Trumps „Vergeltungskampagne“

Die Untersuchung ist der jüngste Schritt in den Bemühungen des Justizministeriums, Trumps langjährige persönliche Feinde ins Visier zu nehmen. Unter der Leitung des Justizministers Todd Blanche hat das Justizministerium „Trumps Vergeltungskampagne beschleunigt“, wie der Sender „CNN“ am Mittwoch berichtete.

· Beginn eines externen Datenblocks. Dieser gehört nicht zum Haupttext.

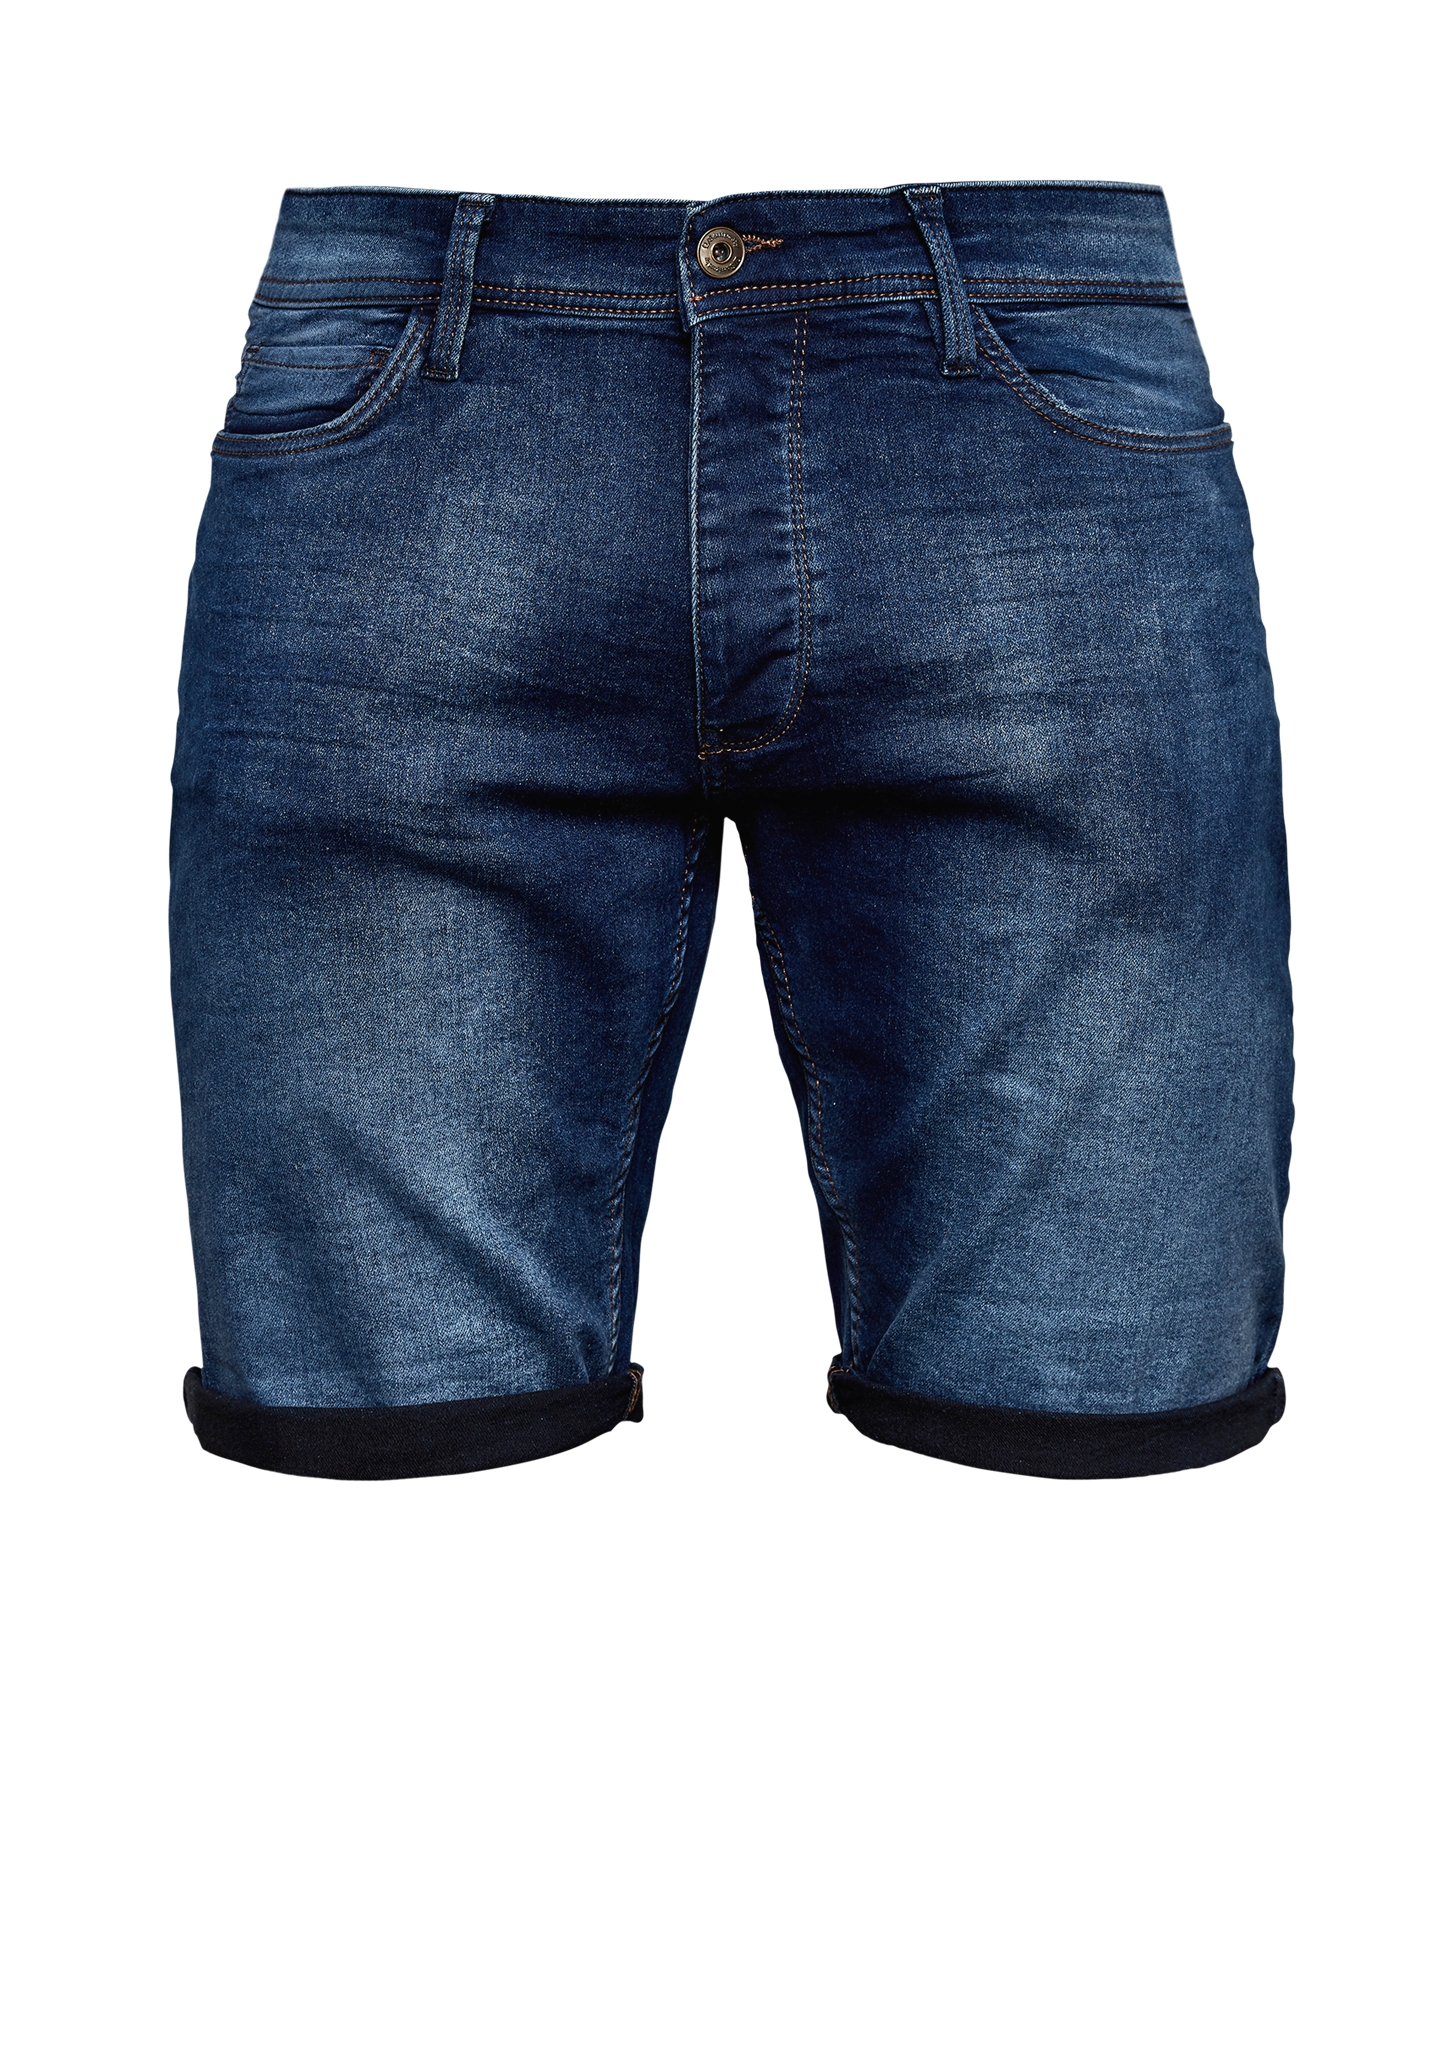 Denim-Shorts | Bekleidung > Shorts & Bermudas > Shorts | Blau | 82% baumwolle -  17% polyester -  1% elasthan | Q/S designed by

Zuletzt hatte das Justizministerium die US-Steuerbehörden dazu verpflichtet, Prüfungen gegen den US-Präsidenten und seine Familie einzustellen. Die Beamten dürfen laufende Verfahren zu Trumps Steuererklärungen nicht weiter verfolgen. Todd Blanche hatte mit Trump vereinbart, die Bundessteuerbehörde (IRS: „Internal Revenue Service“) müsse den Präsidenten, seine Familie und seine Unternehmen von derzeit laufenden oder möglichen Steuerverfahren befreien.